2018/2019 TTS framework integrating state of the art open source methods

MIT License

47 stars 4 forks source link

Fail to converge wavernn on LJ-speech dataset. #5

Closed Yeongtae closed 5 years ago

Yeongtae commented 5 years ago

I'm testing it on v100 gcp machine using my pretrained tacotron checkpoint. But it fail to generate intelligible voice.

Is there any idea about it?

https://www.dropbox.com/s/pl2hkiot6vtlljz/WaveRNN%20test.zip?dl=0 816k.zip Here is the test result.

m-toman commented 5 years ago

Interesting, it obviously learns but babbling.
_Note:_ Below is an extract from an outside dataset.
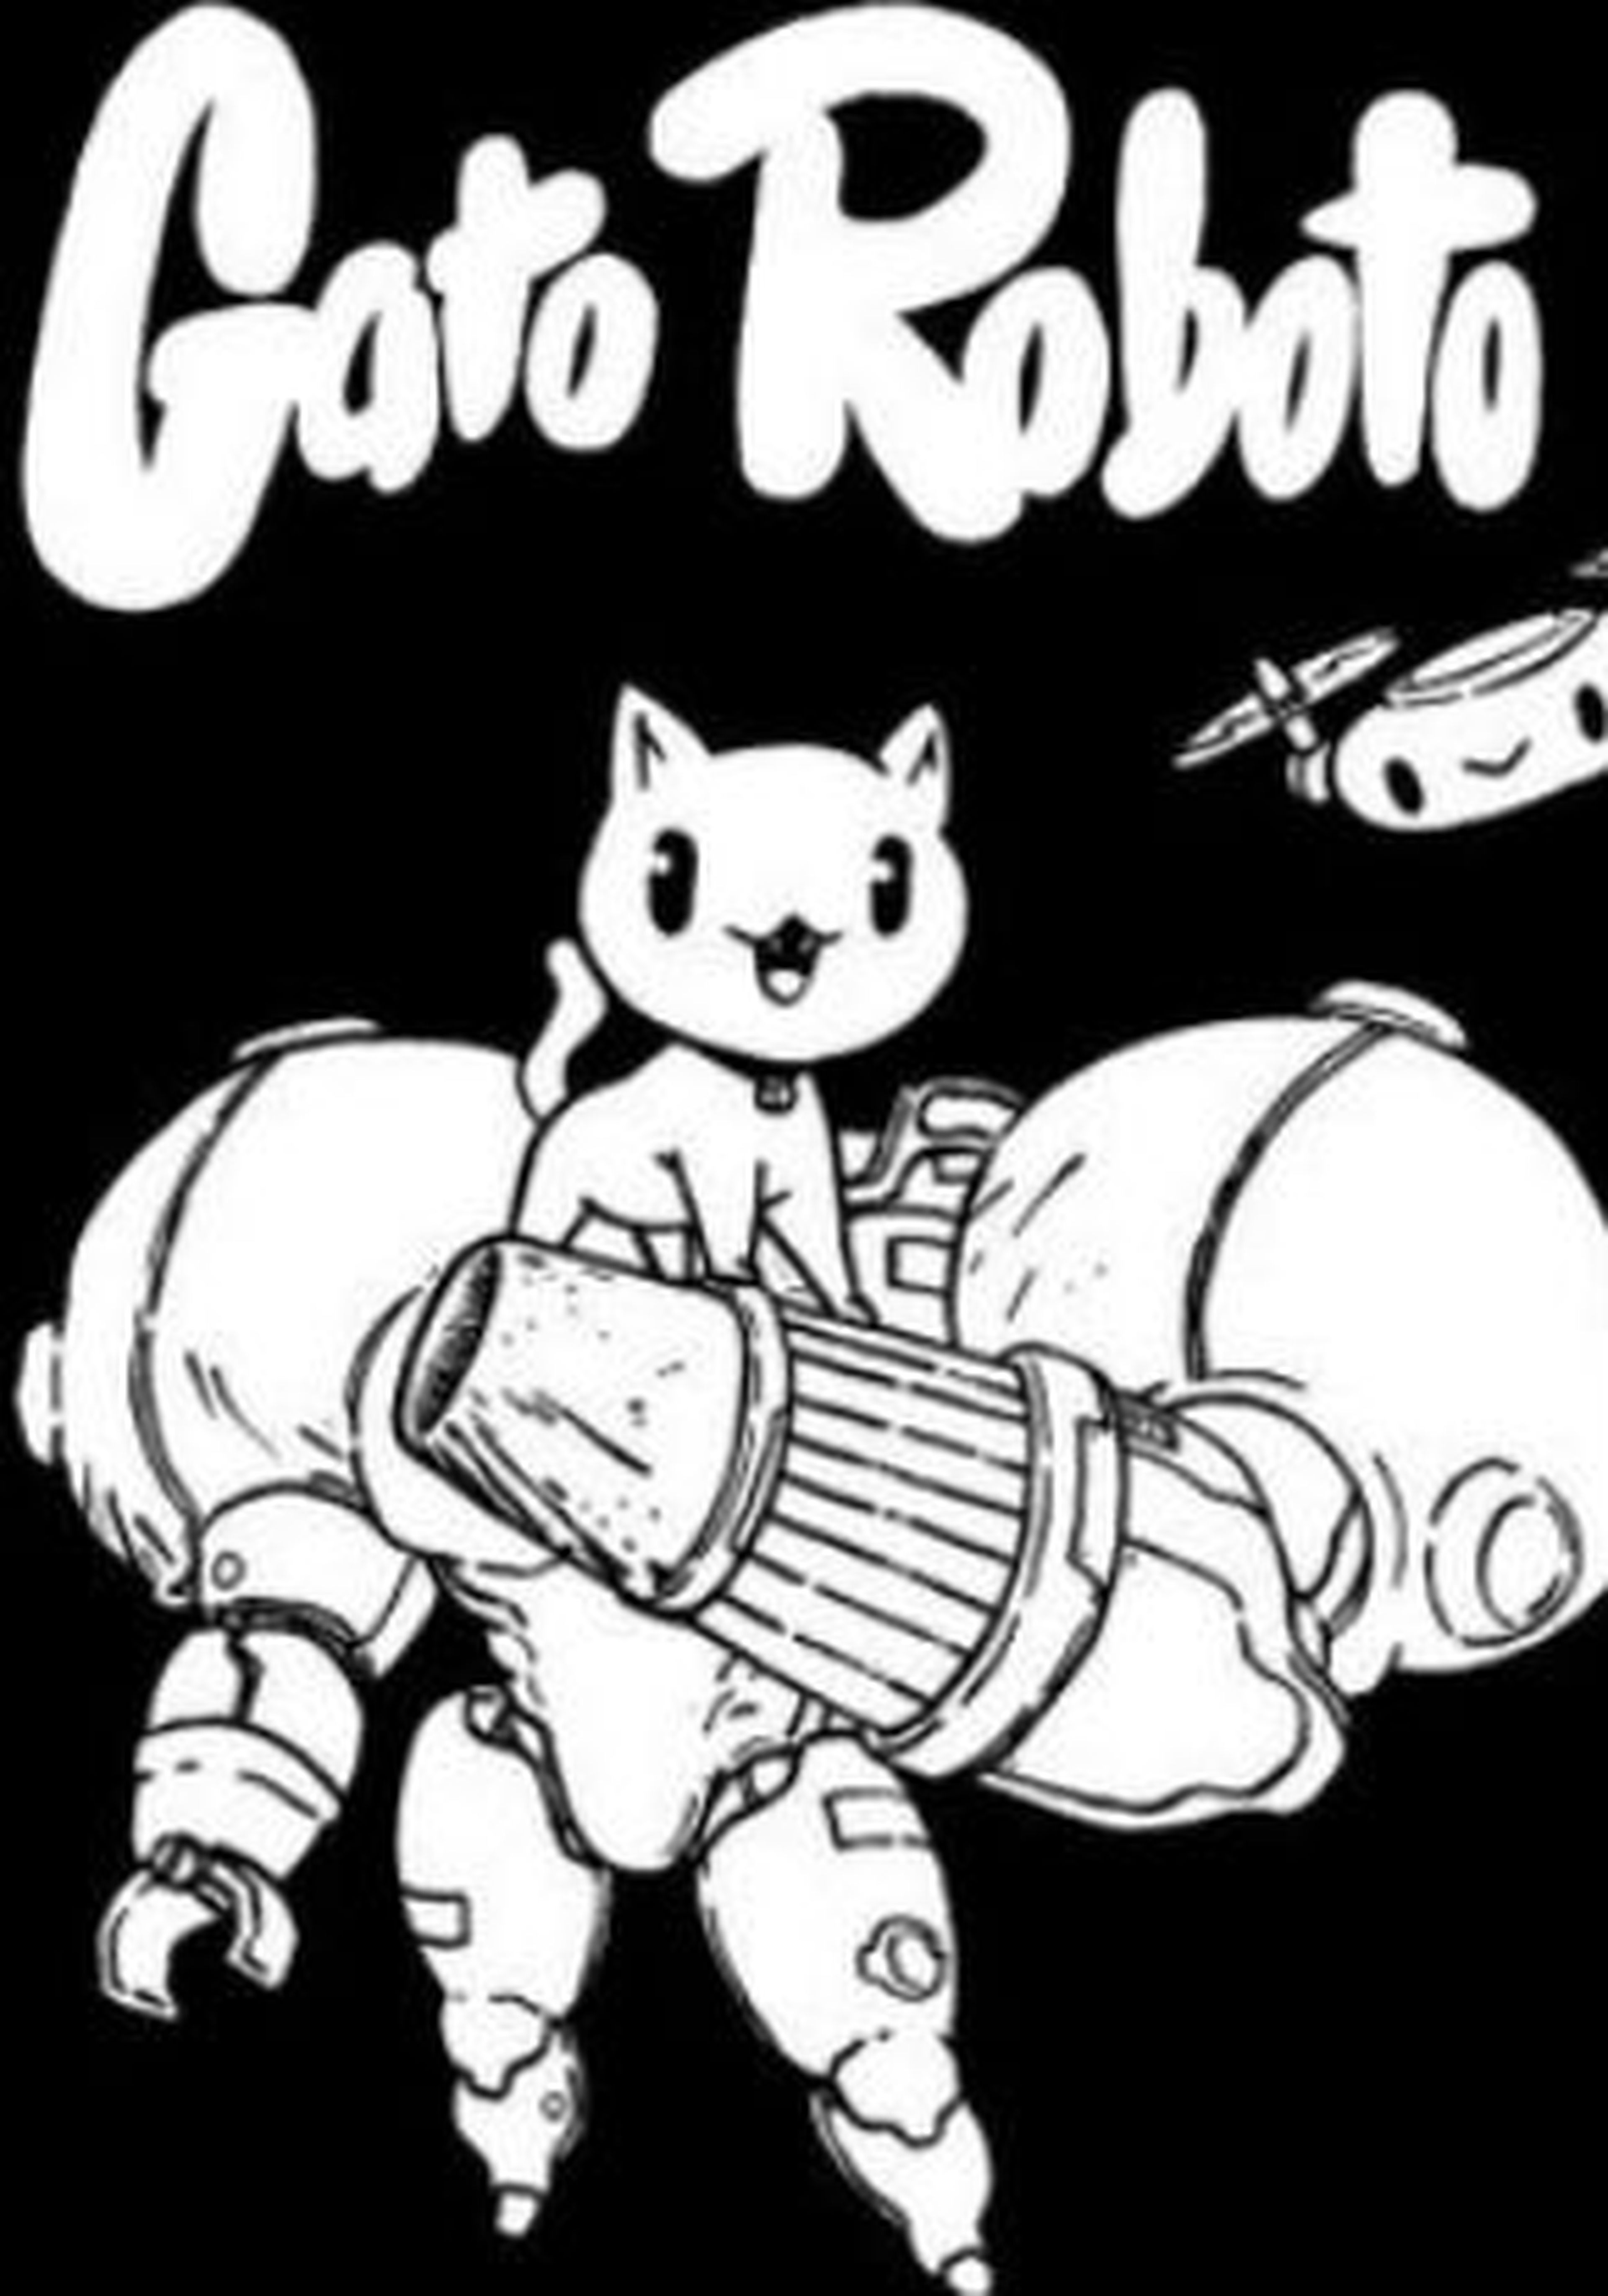 Carátula de Gato Roboto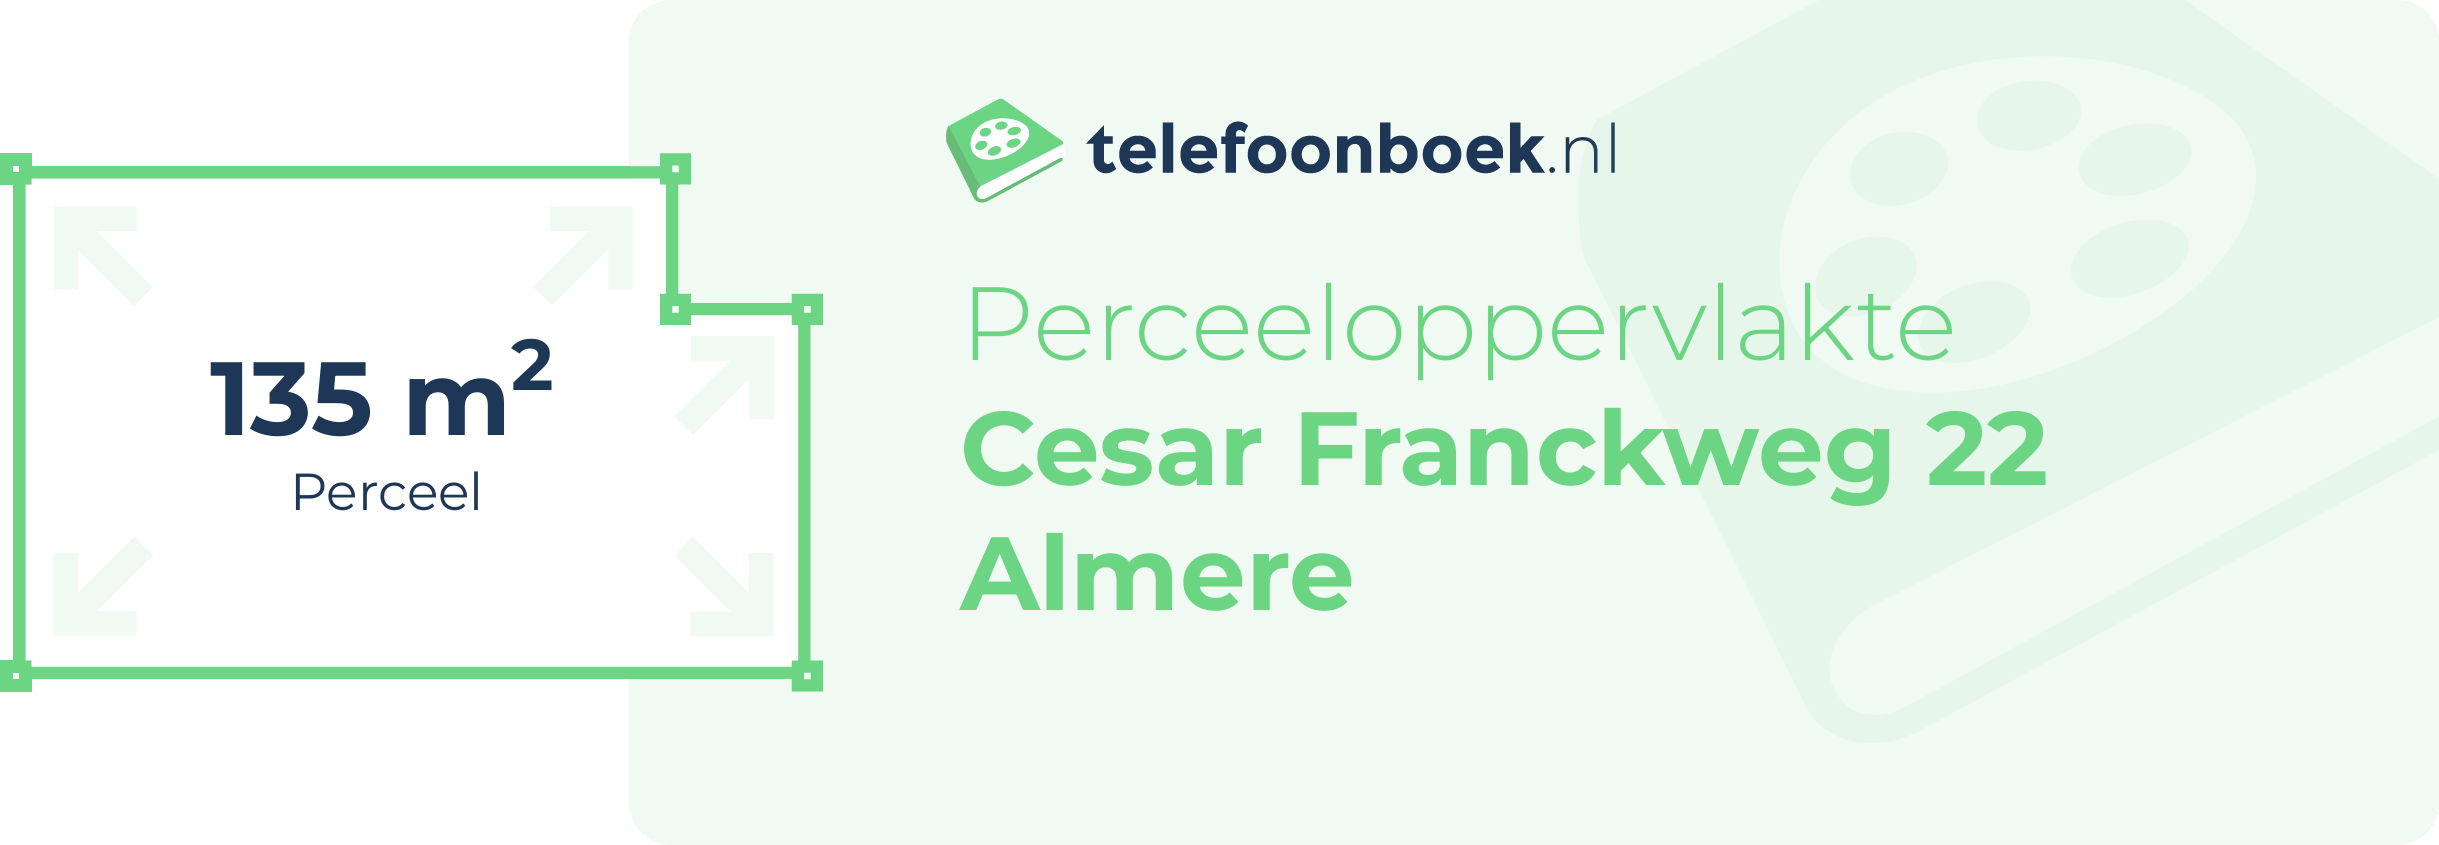 Perceeloppervlakte Cesar Franckweg 22 Almere

I've tried a couple different data sets meanwhile (although always starting with the LJ base model) and this never happened, just the quality gradually from noisy to rather clear.

So I suspect there is some misalignment between the spectrograms and the raw data you feed in.

Did you use GTA output of Tacotron or extracted the features from the wavs yourself?

EDIT: Here the progress of my original training on the LJ dataset: https://www.dropbox.com/sh/2gtunx8d1r92fqb/AADh9CJEtvHnQ7YlwNClk8X5a?dl=0

Yeongtae commented 5 years ago

I've used GTA output from My own repository and model. https://github.com/Yeongtae/Tacotron-2

Now, I saw some difference in hparam.py. It's yours.

It's mine.

In my guess, the difference makes some error.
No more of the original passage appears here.